Diplomats push for Somalia peacekeepers


A heavily armed Ethiopian soldier stands guard  in Kismayo, Somalia, Tuesday. Somalia's prime minister said Tuesday that he does not expect any more major fighting for control of the country. 
 (Associated Press / The Spokesman-Review)
Karen Deyoung Washington Post

WASHINGTON – Rapidly unfolding events in Somalia have opened a window of opportunity to establish a viable government there, according to the Bush administration and its European and African allies. But there is little optimism that the international political will and resources needed to exploit it will emerge before the window slams shut.

Diplomats from the United States and from other nations in the Somalia Contact Group are meeting today in Brussels to examine options for quickly installing an all-African peacekeeping force. The Africans would replace Ethiopian troops whose lightning invasion ousted Islamic fundamentalist forces last week from Mogadishu. Also under discussion is an effort to persuade cooperative elements of the newly ensconced Transitional Federal Government to open unity talks with certain moderate leaders of the Islamic fundamentalist forces that have now been driven from southern Somalia.

The contact group – which includes U.S., European and African participation – has discussed African peacekeepers and a unity government for some time with little progress. Today’s meeting of the six-month-old group opens with new urgency for movement.

“The situation on the ground has changed dramatically, possibly for the better,” said a European diplomat whose government is closely involved in the issue and who insisted on anonymity when discussing the sensitive negotiations. “The name of the game is how to make sure that the government establishes itself” to survive without Ethiopian military occupation. “Somalis don’t like the idea of Ethiopian troops manning the capital.”
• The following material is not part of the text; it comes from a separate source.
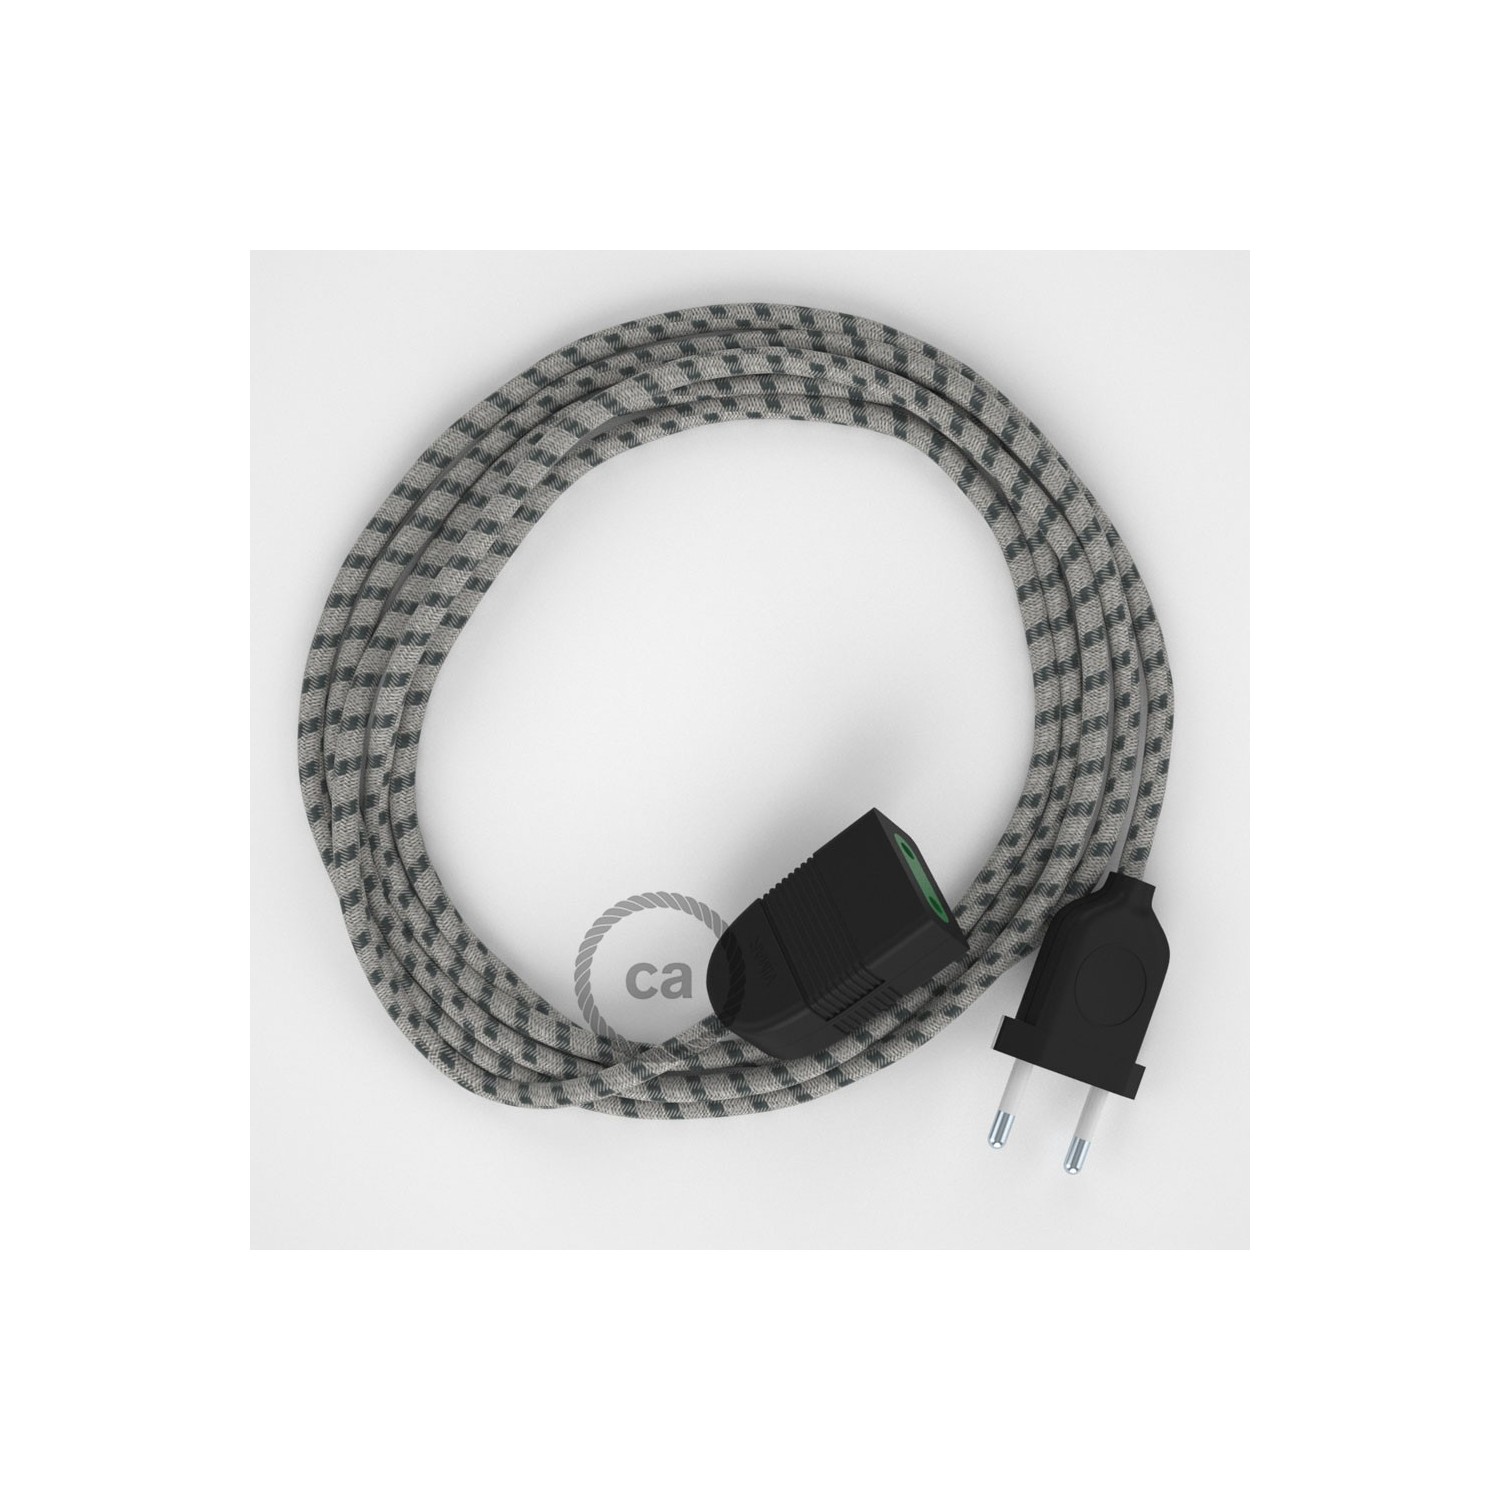 Rallonge électrique avec câble textile RD54 Coton et Lin Naturel Stripes Anthracite 2P 10A Made in Italy.
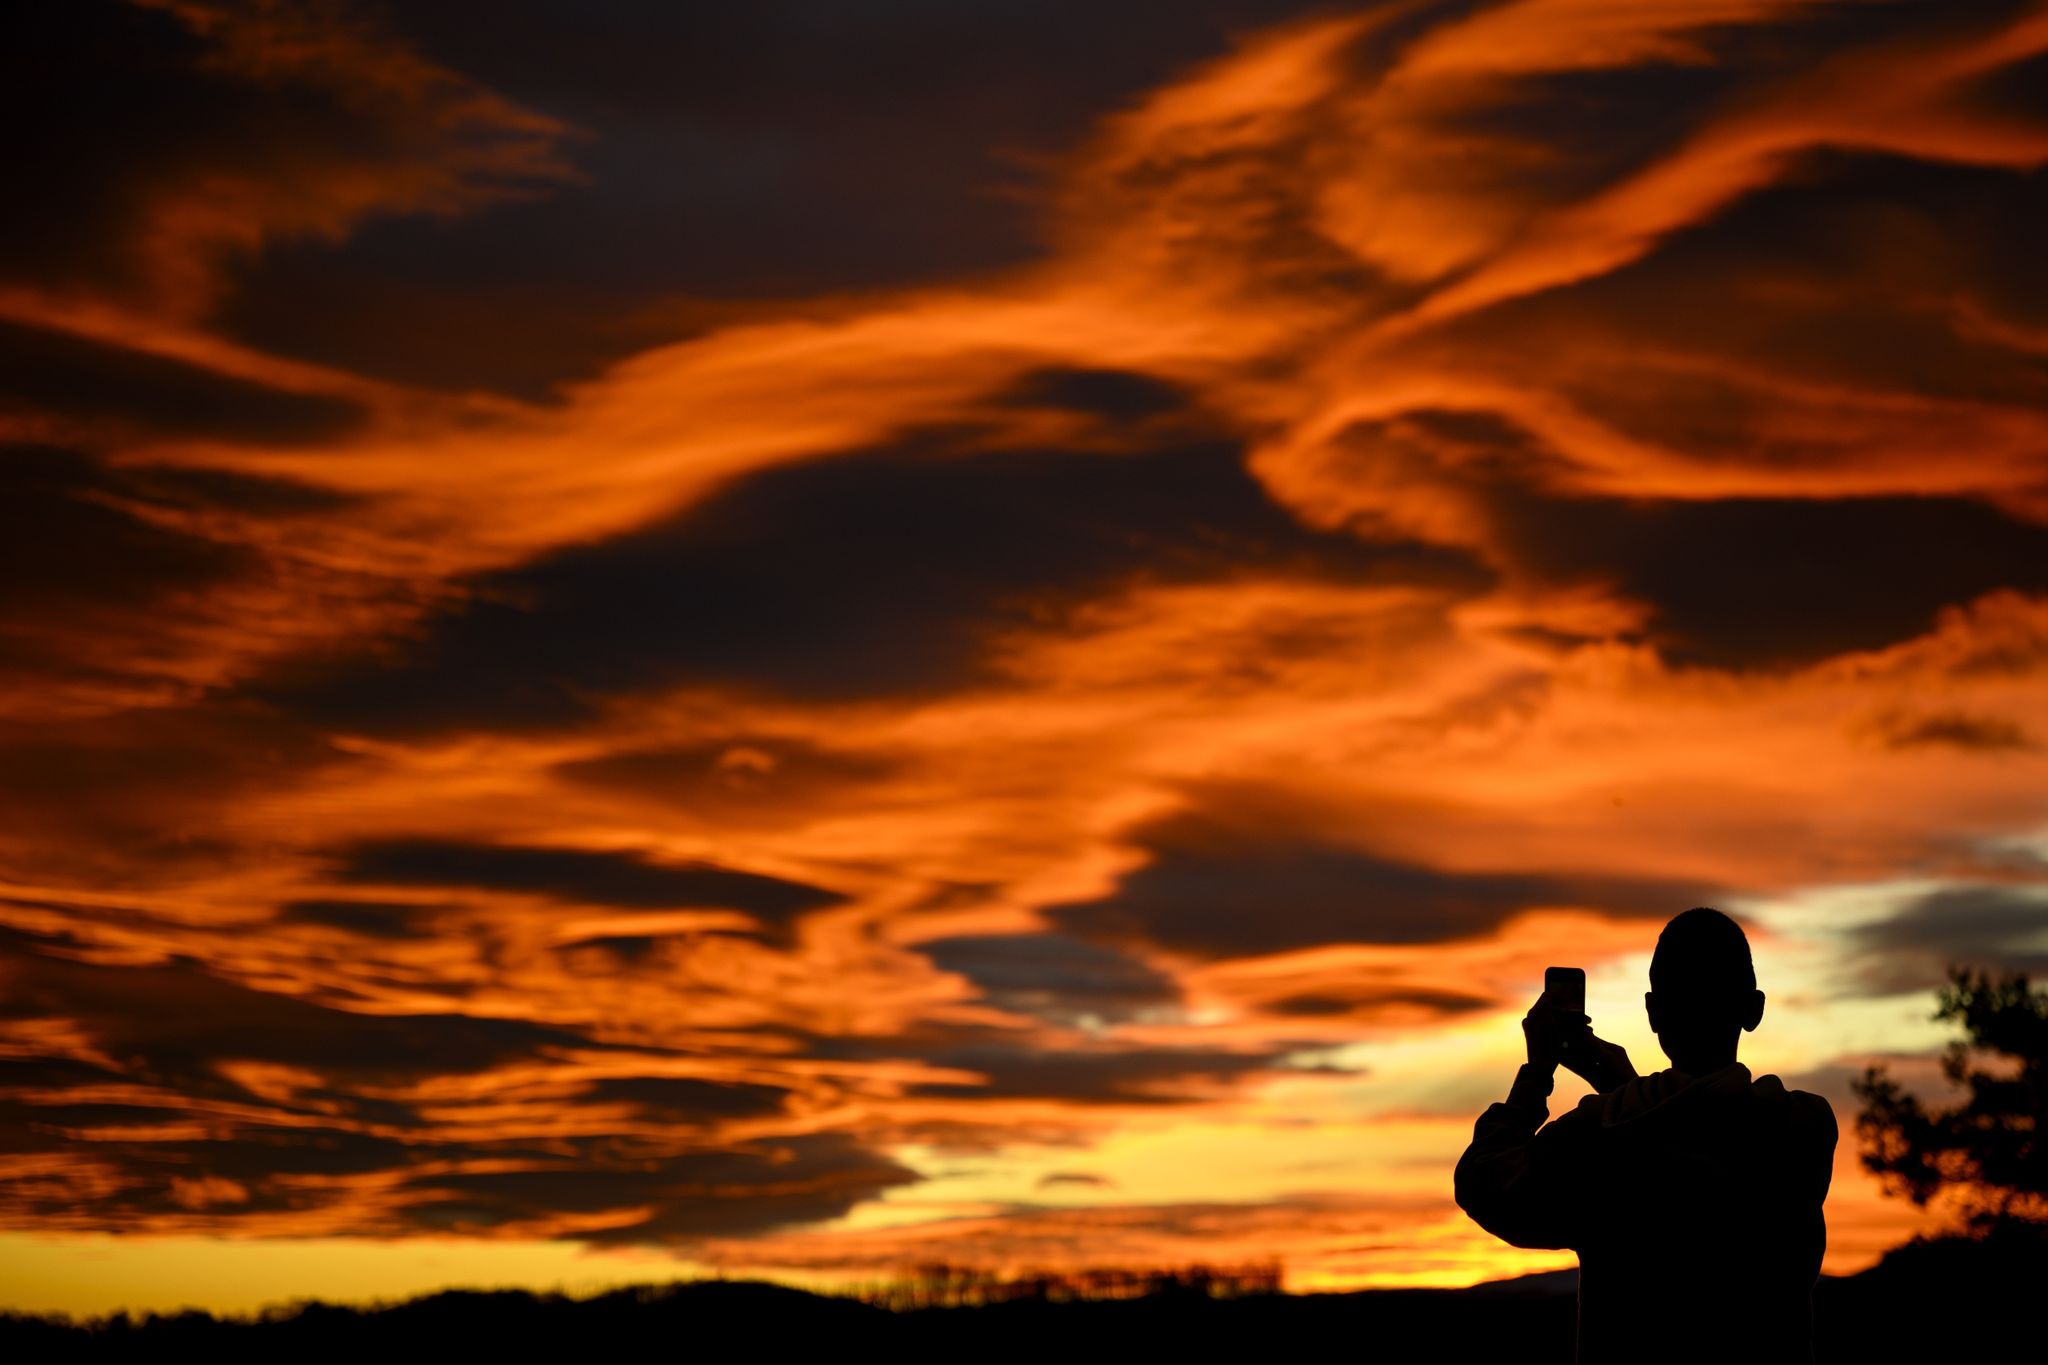 Das Naturschauspiel festhalten: Ein Mann fotografiert einen Sonnenuntergang.

“On the other hand, if the Ethiopians withdraw all of a sudden,” he said, “what’s going to happen? There’s a fine balance between maintaining and consolidating the government” and allowing feuding warlords on all sides of Somalia’s political divides to reactivate their militias.

Ethiopian Prime Minister Meles Zenawi said Tuesday that his troops would stay “for a few weeks” but called on “the international community to deploy a peacekeeping force in Somalia without delay to avoid a vacuum and the resurgence of extremists and terrorists.”

The Bush administration also sees the current upheaval as an opportunity to capture three senior al-Qaida operatives it says have been sheltered by a faction of the Somali Islamists. U.S. Navy ships have been dispatched from the Central Command installation in neighboring Djibouti to patrol the East African coastline for a possible escape as the Islamists and their militias have been pushed south to the Kenya border. A senior U.S. counterterrorism official said he had seen no intelligence evidence to support earlier reports that legions of foreign fighters had landed last week in Mogadishu to support the Islamists.

A plan to send African peacekeepers, approved last month by the African Union and the U.N. Security Council, has foundered on a lack of volunteers and the resources to support them. “I wish I could be optimistic, but Somalia is tough and everybody in the neighborhood knows it’s tough,” said the counterterrorism official.